The histogram for year 7 boys’ heights shows that most boys have a height between 162 and 165.
The histogram for year 10 boys’ heights shows that most boys have a height between 173 and 175.
Cumulative Frequency Graphs and Box Plots, for Hypothesis 3
(On page 14, 16 and 17)
I did two cumulative frequency graphs fro year 7 and 10 boys’ heights. The cumulative frequency graphs show the median for both, and the results are the same as the ones from the histogram.
To present my results more clearly, I compared the two cumulative frequency graphs together.
To follow up on this, I did two separate box plots for each year group. The results show the minimum and maximum values, the median, and the upper and lower quartiles.
The Line Graph, for Hypothesis 3
(On page 17)
The line graph shows the mean of both boys in year 7 and year 10 heights.
It shows us, that from the data I picked, boys in year 10 generally have a higher average height than boys in year 7. This graph is a clear and effective one, supporting my third hypothesis well.
Evaluation
I can see that I have achieved fairly accurate results, in the first, second, and third hypothesis.
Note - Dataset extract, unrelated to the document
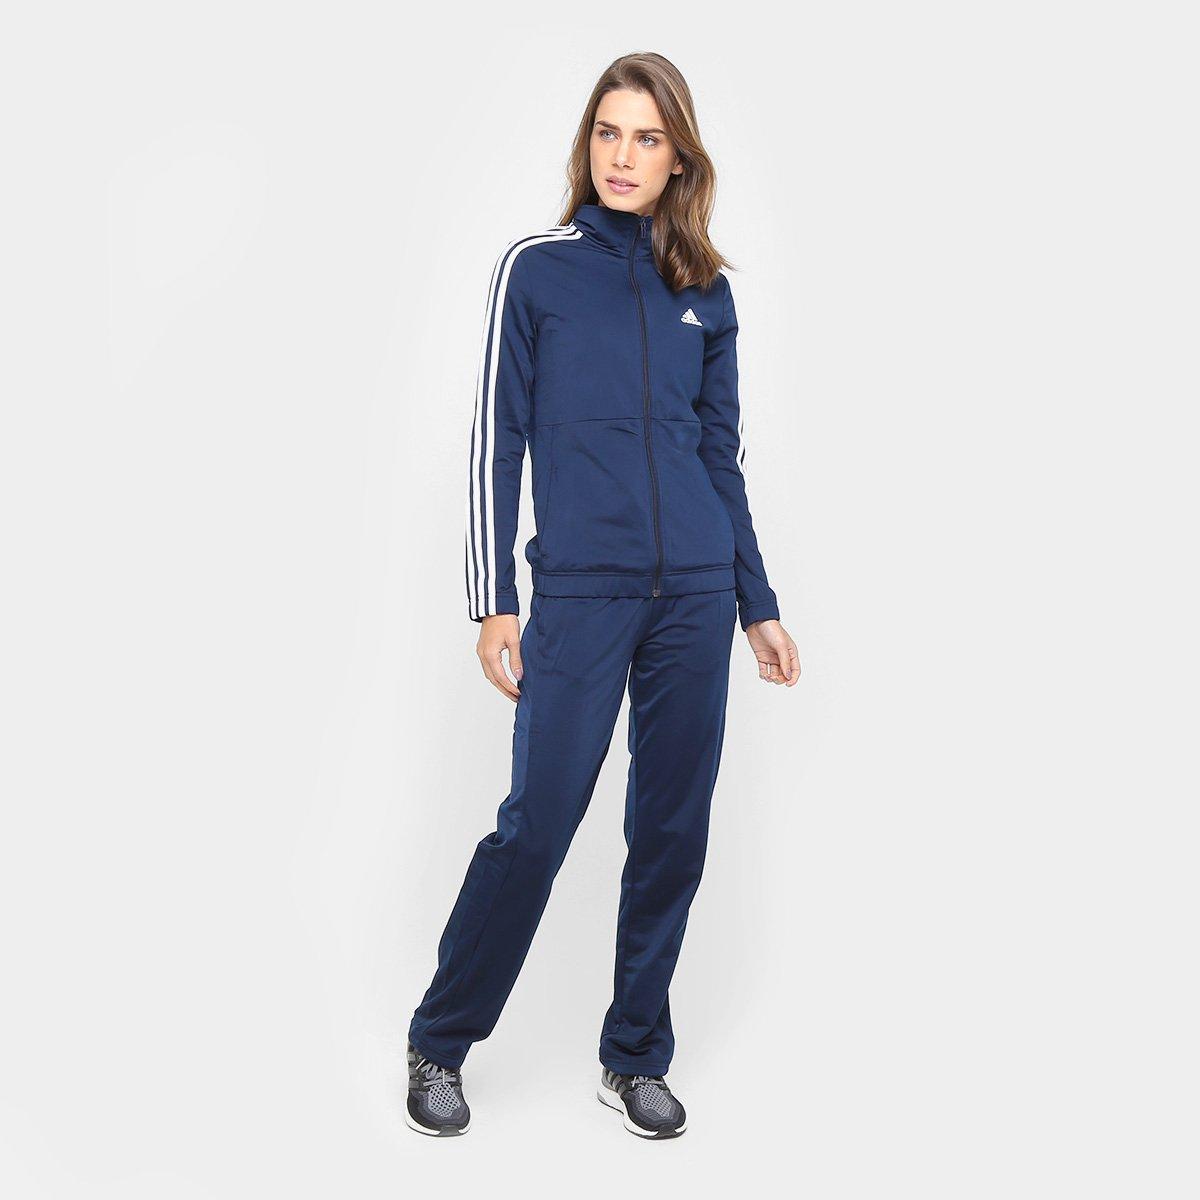 d8bbea42e6 Agasalho Adidas Back 2 Basic 3S Feminino
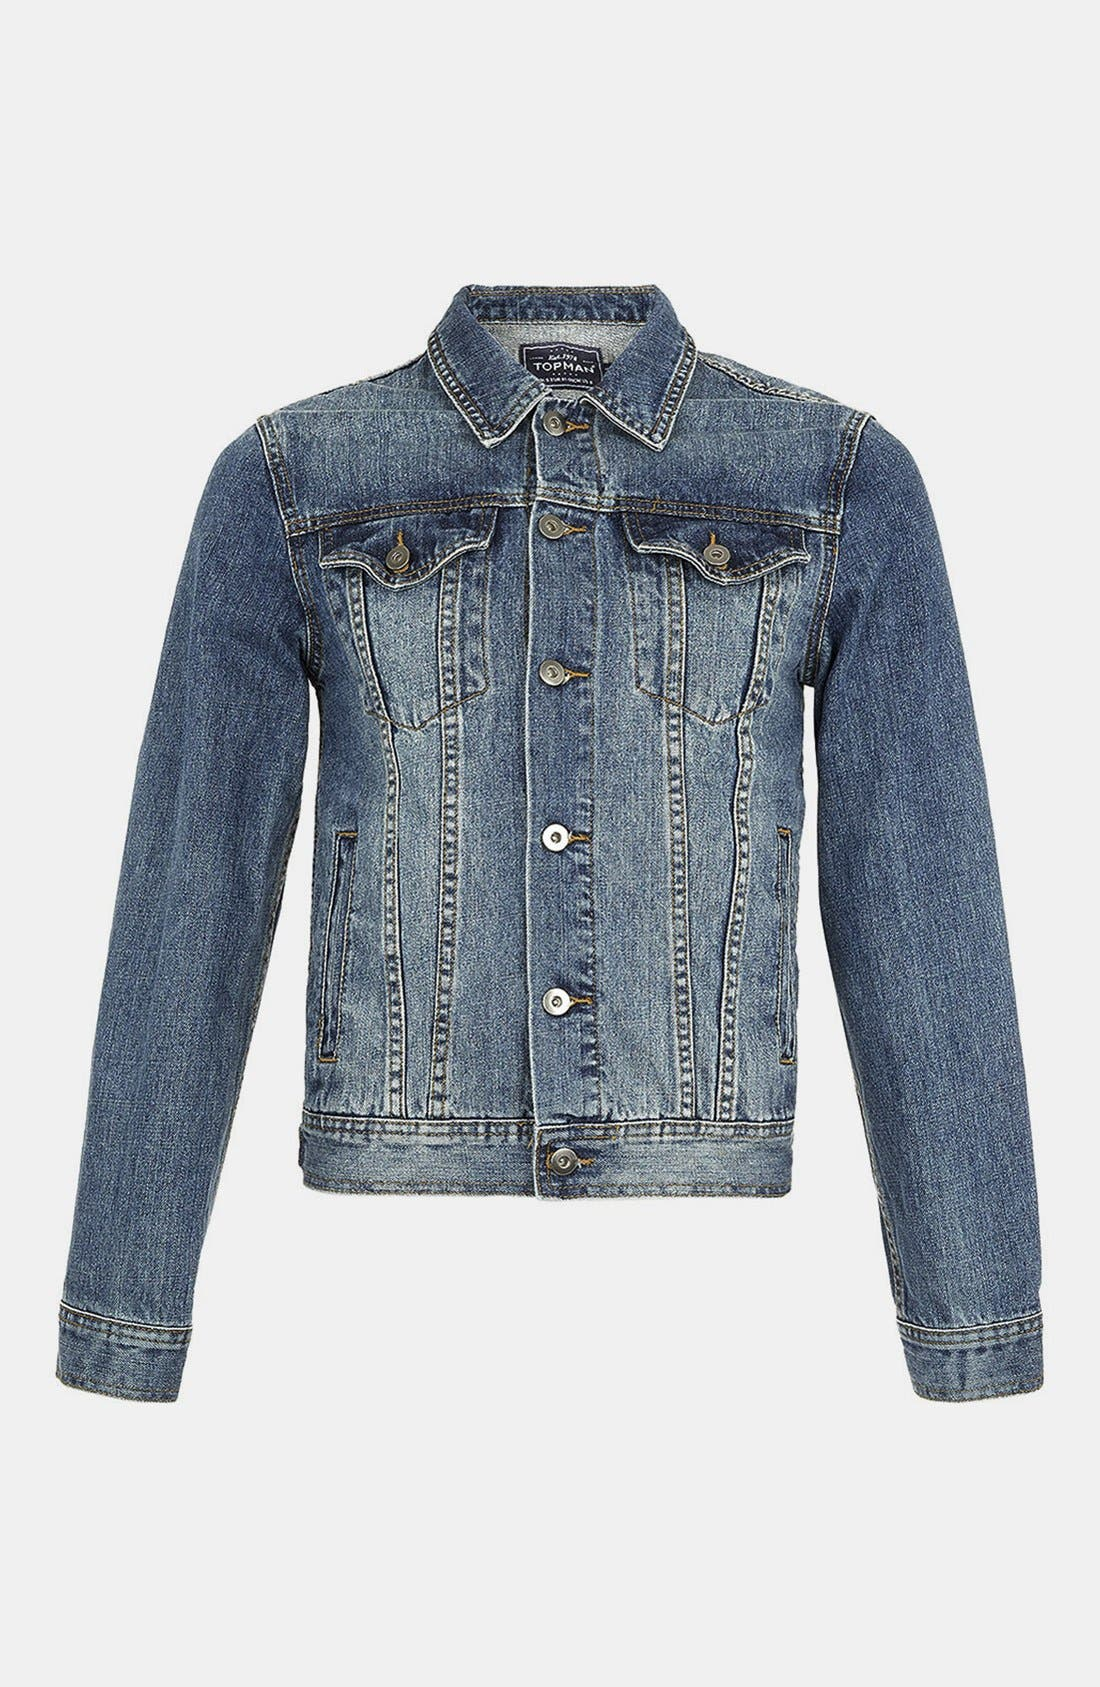 Alternate Image 1 Selected - Topman Denim Jacket

However, more evidence may have given me more even more reliable results. The raw data that I was given from Mayfield High School had many missing measurements and a few mistakes included in it, which may have affected results.
If I had collected the data myself, I could have corrected any faults and ensured reliability.
Applying these improvements to my investigation could improve the reliability.
Overall, I feel that I collected a sufficient amount of sample data, and my results support my three hypotheses.